• [RECORDS FOR THE EXERCISE]

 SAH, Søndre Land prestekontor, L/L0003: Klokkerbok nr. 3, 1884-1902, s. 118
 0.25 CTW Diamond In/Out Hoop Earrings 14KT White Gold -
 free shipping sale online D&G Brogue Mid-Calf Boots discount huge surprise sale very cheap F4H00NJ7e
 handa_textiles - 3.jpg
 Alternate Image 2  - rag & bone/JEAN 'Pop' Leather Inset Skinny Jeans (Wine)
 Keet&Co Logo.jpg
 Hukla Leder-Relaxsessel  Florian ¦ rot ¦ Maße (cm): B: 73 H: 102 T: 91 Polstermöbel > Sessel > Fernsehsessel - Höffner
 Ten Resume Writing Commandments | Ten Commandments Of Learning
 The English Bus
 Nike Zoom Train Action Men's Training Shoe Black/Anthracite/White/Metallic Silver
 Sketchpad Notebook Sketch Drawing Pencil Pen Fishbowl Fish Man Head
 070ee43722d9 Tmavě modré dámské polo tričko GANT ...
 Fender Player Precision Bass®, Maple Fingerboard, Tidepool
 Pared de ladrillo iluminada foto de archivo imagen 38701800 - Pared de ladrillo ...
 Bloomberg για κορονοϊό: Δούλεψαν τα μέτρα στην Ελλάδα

• [WORK TO BE COMPLETED] Output the lines above verbatim and in full.

• [FINAL ANSWER]
 SAH, Søndre Land prestekontor, L/L0003: Klokkerbok nr. 3, 1884-1902, s. 118
 0.25 CTW Diamond In/Out Hoop Earrings 14KT White Gold -
 free shipping sale online D&G Brogue Mid-Calf Boots discount huge surprise sale very cheap F4H00NJ7e
 handa_textiles - 3.jpg
 Alternate Image 2  - rag & bone/JEAN 'Pop' Leather Inset Skinny Jeans (Wine)
 Keet&Co Logo.jpg
 Hukla Leder-Relaxsessel  Florian ¦ rot ¦ Maße (cm): B: 73 H: 102 T: 91 Polstermöbel > Sessel > Fernsehsessel - Höffner
 Ten Resume Writing Commandments | Ten Commandments Of Learning
 The English Bus
 Nike Zoom Train Action Men's Training Shoe Black/Anthracite/White/Metallic Silver
 Sketchpad Notebook Sketch Drawing Pencil Pen Fishbowl Fish Man Head
 070ee43722d9 Tmavě modré dámské polo tričko GANT ...
 Fender Player Precision Bass®, Maple Fingerboard, Tidepool
 Pared de ladrillo iluminada foto de archivo imagen 38701800 - Pared de ladrillo ...
 Bloomberg για κορονοϊό: Δούλεψαν τα μέτρα στην Ελλάδα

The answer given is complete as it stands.